Calculations of future utility have a discounting factor naturally built into them—which is the uncertainty of being able to calculate and control such a future properly. So in a very natural (no need to program it in) manner an AI would prefer the same utility for 5 seconds in the future rather than 5 minutes in the future, and for 5 minutes in the future rather than 5 years in the future.

This looks at first glance as a time-discount, but in actuality it’s an uncertainty-discount. So an AI that had a very good predictive capacity would be able to discount future utility less; because the uncertainty would be less. But the uncertainty would never be quite zero.

One thing that may be missed in the above is that there exists not only an uncertainty in reaching a certain future state of the world, but there’s an uncertainty in how it would affect all consequent future states as well. And the greater the impact the greater such uncertainty for the future must be.

So even as the thought of 3^^^3 lives outweighs the tiny probability; couldn’t it be that a similar factor punishes it to an opposite direction, especially when dealing with hypotheses in which the AI will be able to have no further control? I don’t know. Bring in the mathematicians.

5. The Law of Visible Impact (a.k.a. The Generalized Hanson)

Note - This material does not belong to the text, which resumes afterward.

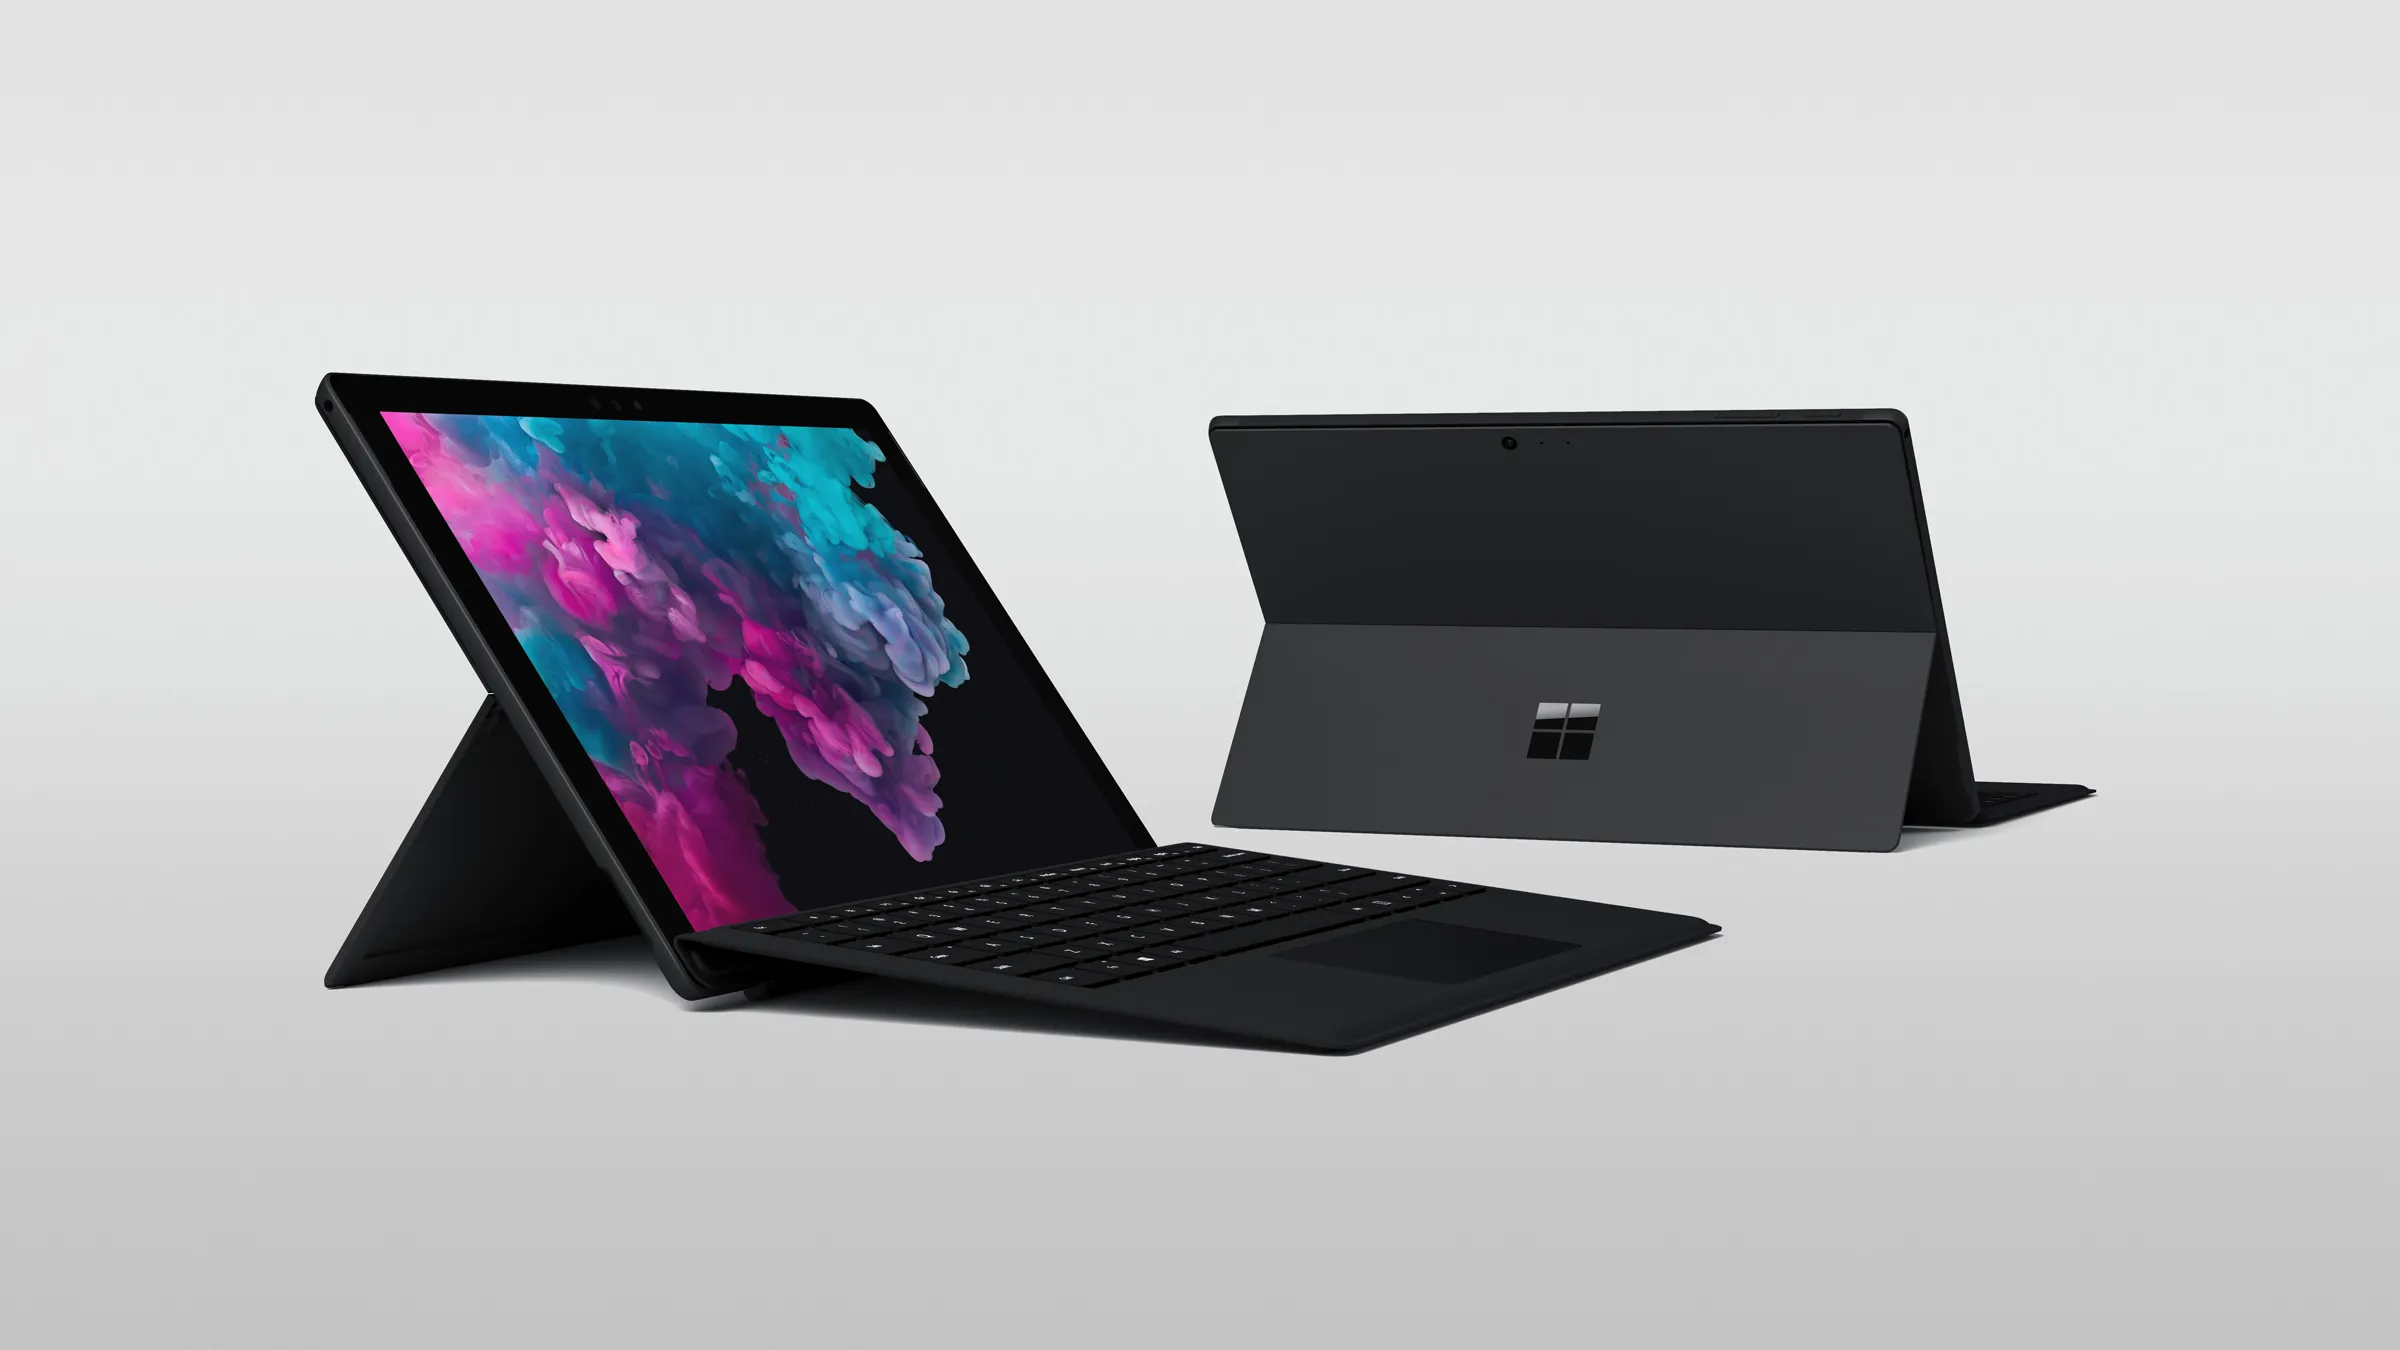 Microsoft Surface Pro 6 will no longer receive firmware updates

Robin Hanson’s suggested solution to Pascal’s Mugging has been the penalization of “the prior probability of hypotheses which argue that we are in a surprisingly unique position to affect large numbers of other people who cannot symmetrically affect us.”

I have to say that I find this argument unappealing and unconvincing. One problem I have with it is that it seems to treat the concept of “person” as ontologically fundamental—it’s an objection I kinda have also against the Simulation argument and the Doomsday Argument.

Moreover wouldn’t this argument cease to apply if I was merely witnessing the Pascal’s mugging taking place, and that therefore if I was merely witnessing I should be hoping for the mugged entity to submit? This sounds nonsensical.

But I think Hanson’s argument can be modified so here I’d like to offer what I’ll call the Generalized Hanson: Penalize the prior probability of hypotheses which argue for the existence of high impact events whose consequences nonetheless remain unobserved.

If life’s creation is easy, why aren’t we seeing alien civilizations consuming the stars? Therefore most likely life’s creation isn’t easy at all.

If the universe allowed easy time-travel, where are all the time-travellers? Hence the world most likely doesn’t allow easy time-travel.

If Matrix Lords exist that are apt to create 3^^^3 people and torture them for their amusement, why aren’t we being tortured (or witnessing such torture) right now? Therefore most likely such Matrix Lords are rare enough to nullify their impact.

In short the higher the impact of a hypothetical event, the more evidence we should be expecting to see for it in the surrounding universe—the non-visibility of such provides therefore evidence against the hypothesis analogous to the extent of such hypothetical impact.

I’m probably expressing the above intuition quite badly, but again: I hope someone with actual mathematical skills can take the above and make it into something useful; or tell me that it’s not useful as an anti-Pascal Mugging tactic at all.